Affiliations: [a] Lyon Neuroscience Research Center, Université de Lyon, Université Claude Bernard Lyon 1, CNRS, INSERM, Lyon, France
| [b] Hospices Civils de Lyon, Lyon, France
| [c] CERMEP-Imaging Platform, Bron, France
| [d] Institute of Chemistry and Biochemistry, Université de Lyon, CNRS, Villeurbanne, France
| [e] Neurolixis SAS, Castres, France
Correspondence to: Prof. Luc Zimmer, Lyon Neuroscience Research Center, Université de Lyon, Université Claude Bernard Lyon 1, CNRS UMR5292, INSERM U1028, Lyon, France. Tel.: +33 4 72 68 86 09; E-mail: [email protected].
Note:  These authors contributed equally to this work.

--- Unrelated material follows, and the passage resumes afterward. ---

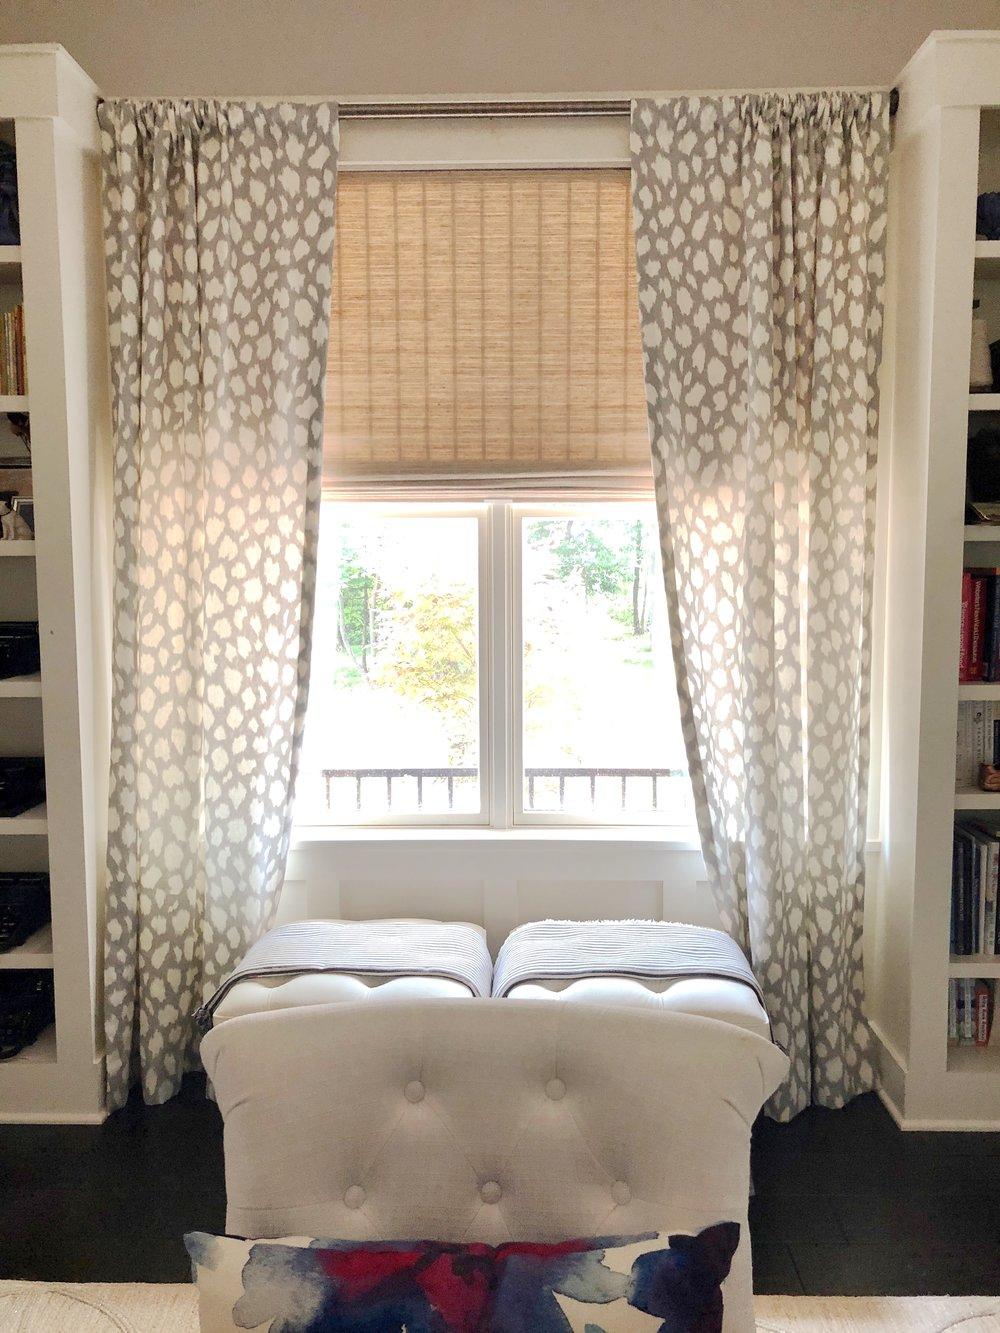 Layered custom window treatments by Calico featuring Kate Spade LeoKat fabric and Hunter Douglas shade.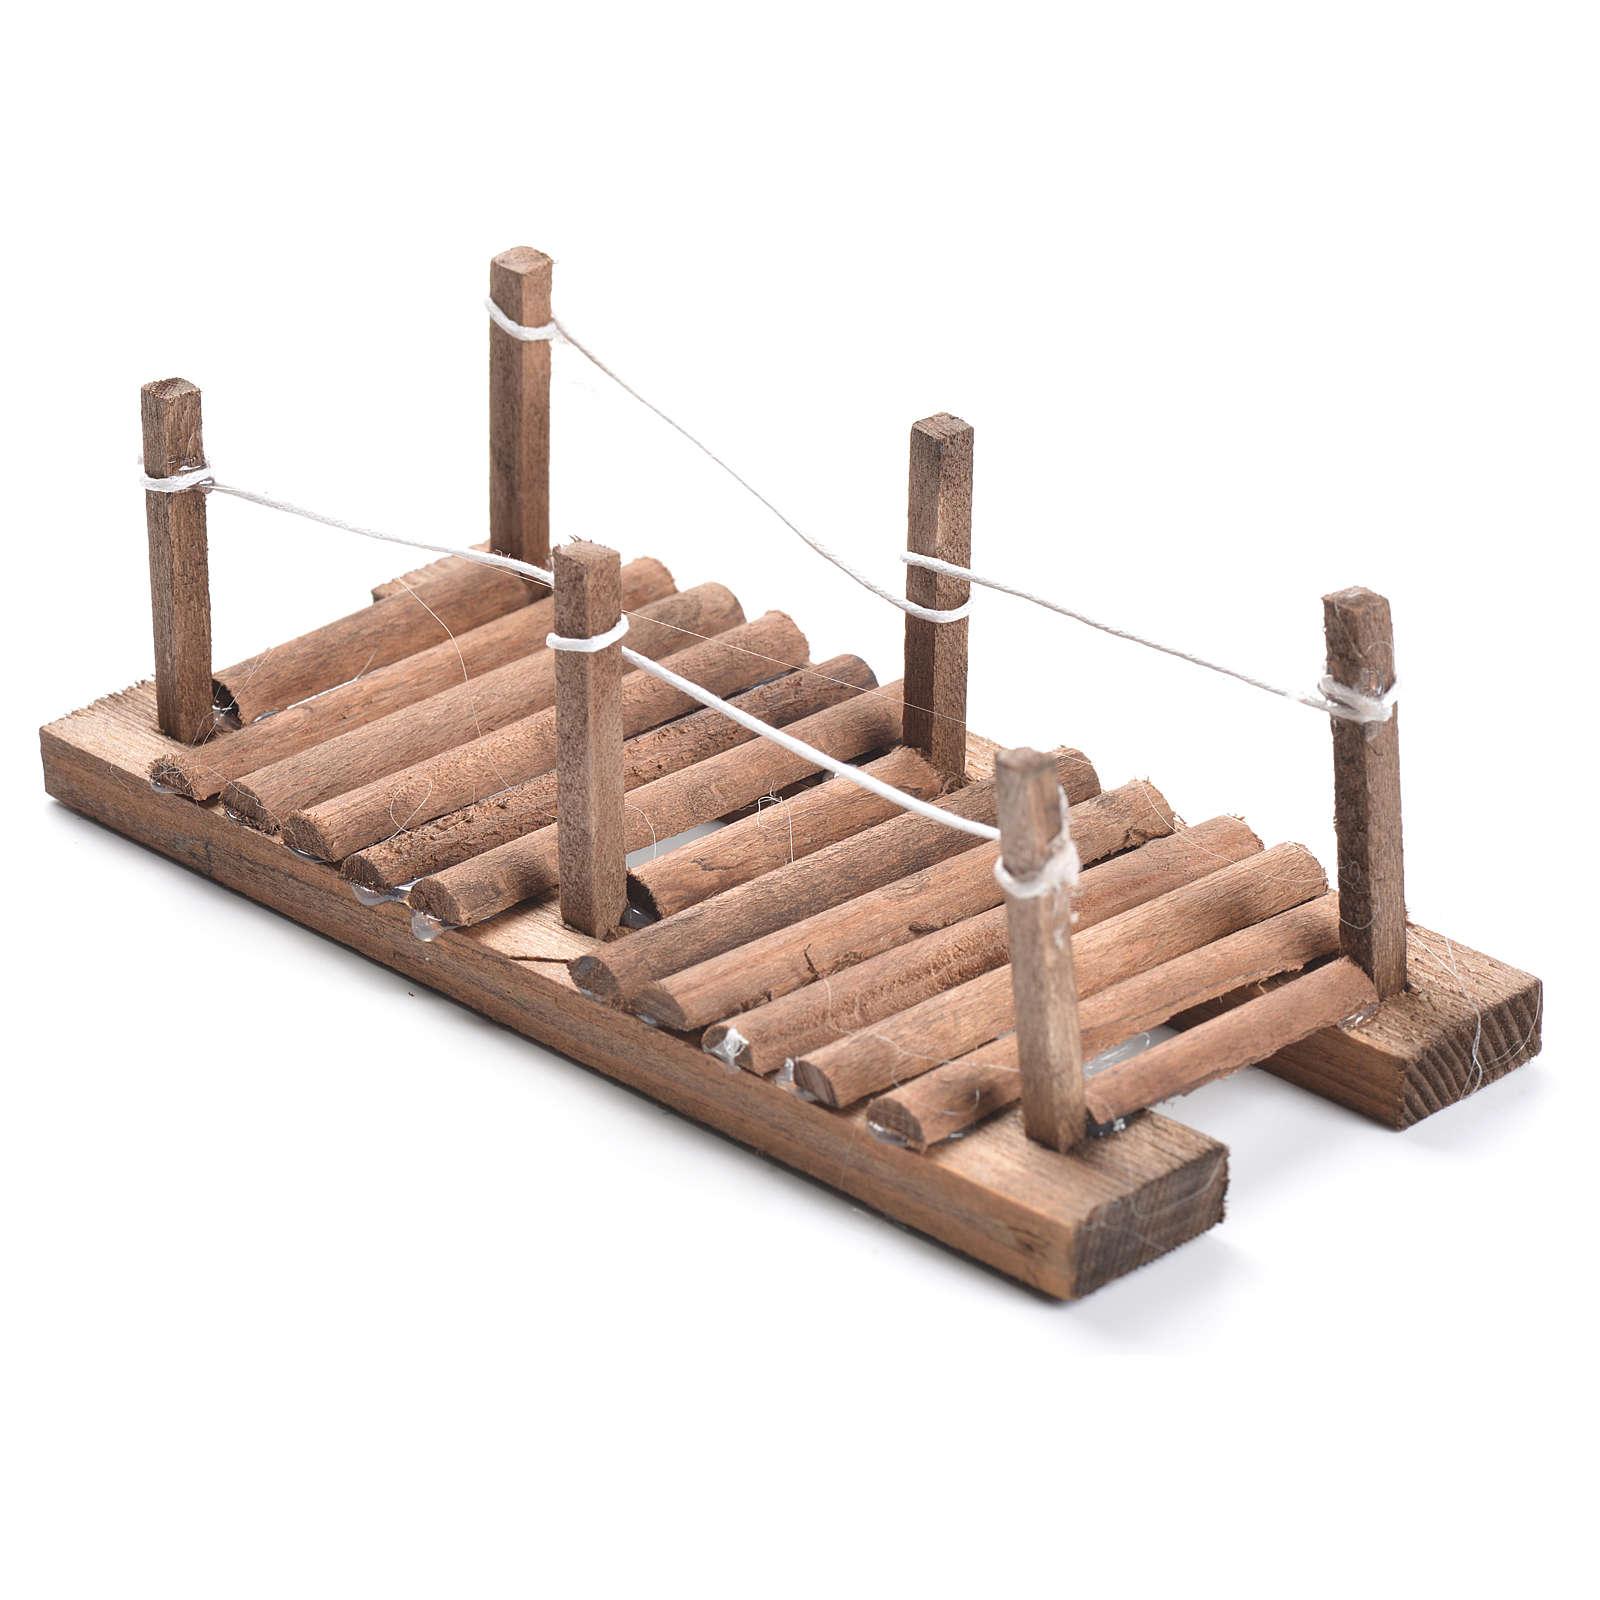 Nativity setting, footbridge in wood measuring 5x15x7cm 4

Abstract: Background:The gold-standard treatment for Parkinson’s disease is L-DOPA, which in the long term often leads to levodopa-induced dyskinesia. Serotonergic neurons are partially responsible for this, by converting L-DOPA into dopamine leading to its uncontrolled release as a “false neurotransmitter”. The stimulation of 5-HT1A receptors can reduce involuntary movements but this mechanism is poorly understood. Objective:This study aimed to investigate the functionality of 5-HT1A receptors using positron emission tomography in hemiparkinsonian rats with or without dyskinesia induced by 3-weeks daily treatment with L-DOPA. Imaging sessions were performed “off” L-DOPA. Methods:Each rat underwent a positron emission tomography scan with [18F]F13640, a 5-HT1AR agonist which labels receptors in a high affinity state for agonists, or with [18F]MPPF, a 5-HT1AR antagonist which labels all the receptors. Results:There were decreases of [18F]MPPF binding in hemiparkinsonian rats in cortical areas. In dyskinetic animals, changes were slighter but also found in other regions. In hemiparkinsonian rats, [18F]F13640 uptake was decreased bilaterally in the globus pallidus and thalamus. On the non-lesioned side, binding was increased in the insula, the hippocampus and the amygdala. In dyskinetic animals, [18F]F13640 binding was strongly increased in cortical and limbic areas, especially in the non-lesioned side. Conclusion:These data suggest that agonist and antagonist 5-HT1A receptor-binding sites are differently modified in Parkinson’s disease and levodopa-induced dyskinesia. In particular, these observations suggest a substantial involvement of the functional state of 5-HT1AR in levodopa-induced dyskinesia and emphasize the need to characterize this state using agonist radiotracers in physiological and pathological conditions.